Al gobierno le salió barato el asunto –políticamente hablando–. Puede celebrar un gran éxito. Quien haya negociado los términos sustantivos de la visita de Francisco I por parte del equipo de EPN lo hizo muy bien. No recibió a los padres de Ayotzinapa, no mencionó el episodio, no se refirió a ningún otro caso específico de violaciones de derechos humanos en México, y no habló públicamente del tema como un problema en México, ni de México. Chapeau Peña Nieto.

Tampoco se adentró en el tema de la corrupción. Hubiera sido imposible que mencionara los casos emblemáticos mexicanos, pero sí era factible que ubicara el flagelo de la corrupción y la impunidad en el contexto latinoamericano, región que conoce bien. Podía hablar de su propio país, de Brasil, de Chile, de Guatemala, de Honduras, de Panamá y de México como países donde quizás siempre haya estado presente el fenómeno, pero donde ahora las sociedades –en todas las acepciones de la palabra– lo toleran menos. Podía no referirse a la corrupción en términos tan generales que le permitiera a la clase política mexicana desentenderse de sus proclamas: “Es terrible la corrupción en el mundo; ¡qué bueno que no se refirió a nosotros!”. De nuevo, un 10 para EPN.

Asimismo, condenar la violencia para atribuirle toda al narco equivale a hacer caso omiso de la responsabilidad, de diez años para acá, del Estado mexicano. Hubo una decisión de Estado de declarar la guerra; hubo una participación de Estado, a través de fuerzas de seguridad –castrenses y civiles– carentes de la capacidad para librar esa guerra. Y hubo una corresponsabilidad de Estado –del Poder Judicial y Legislativo federales, y de los poderes estatales y municipales– por aceptar esa guerra y la falta de aptitud para ella. No se trata de que los jóvenes no se vuelvan sicarios, ni que los narcos dejen de ser malos. Se trata de un incremento bestial de la violencia desde 2008 como resultado de una política de Estado, aunque los autores materiales de esa violencia sean narcos y sicarios.

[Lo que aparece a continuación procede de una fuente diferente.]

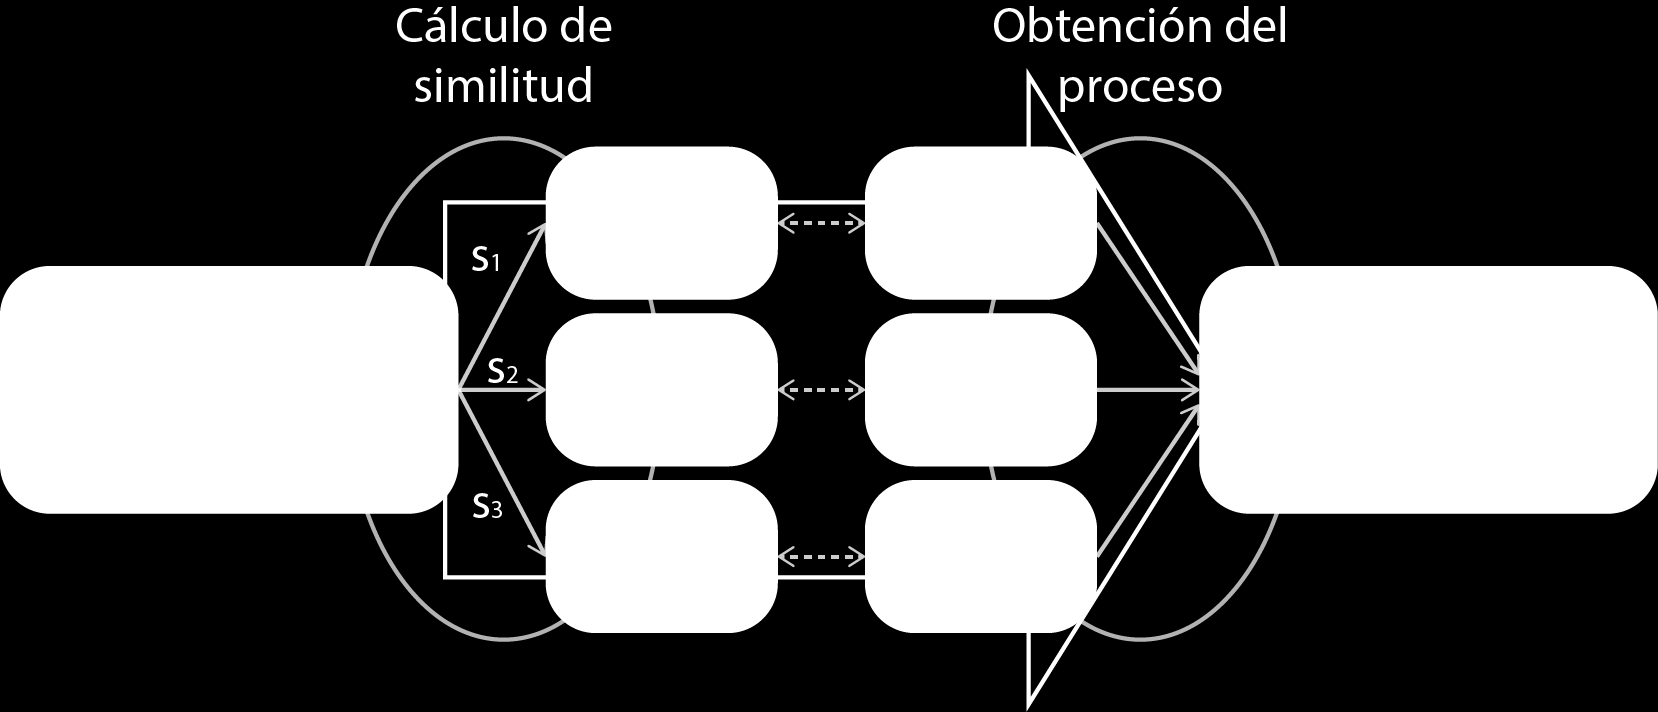 Capítulo 4 4.2. PROCESOS PREDEFINIDOS utilizan dos operaciones para efectuar una adaptación: cálculo de similitud y obtención del proceso. Ilustración 4.

Por último, Francisco I habló en Juárez del maltrato a migrantes, pero en abstracto. No citó ni las deportaciones de Obama o los muros de Trump, ni las deportaciones de centroamericanos de EPN. Tal vez ignoraba que en 2015 México deportó a más centroamericanos que Estados Unidos; y que casi deportamos a más migrantes en el sur, que los mexicanos que ellos deportan en el norte.

¿Era deseable y factible que hablara de todo esto? En mi opinión, lo primero sí, lo segundo por supuesto que no. Los momentos emotivos de la visita –en los hospitales, la cárcel, las calles, las iglesias– son memorables. Los silencios, también. Un cardenal de renombre, Armand Jean du Plessis, mejor conocido como Richelieu, reinventó la razón de Estado en el siglo XVII. San Ignacio de Loyola fundó la Compañía de Jesús poco menos de un siglo antes del encumbramiento del francés y de su idea. Pero nadie como los jesuitas la han entendido.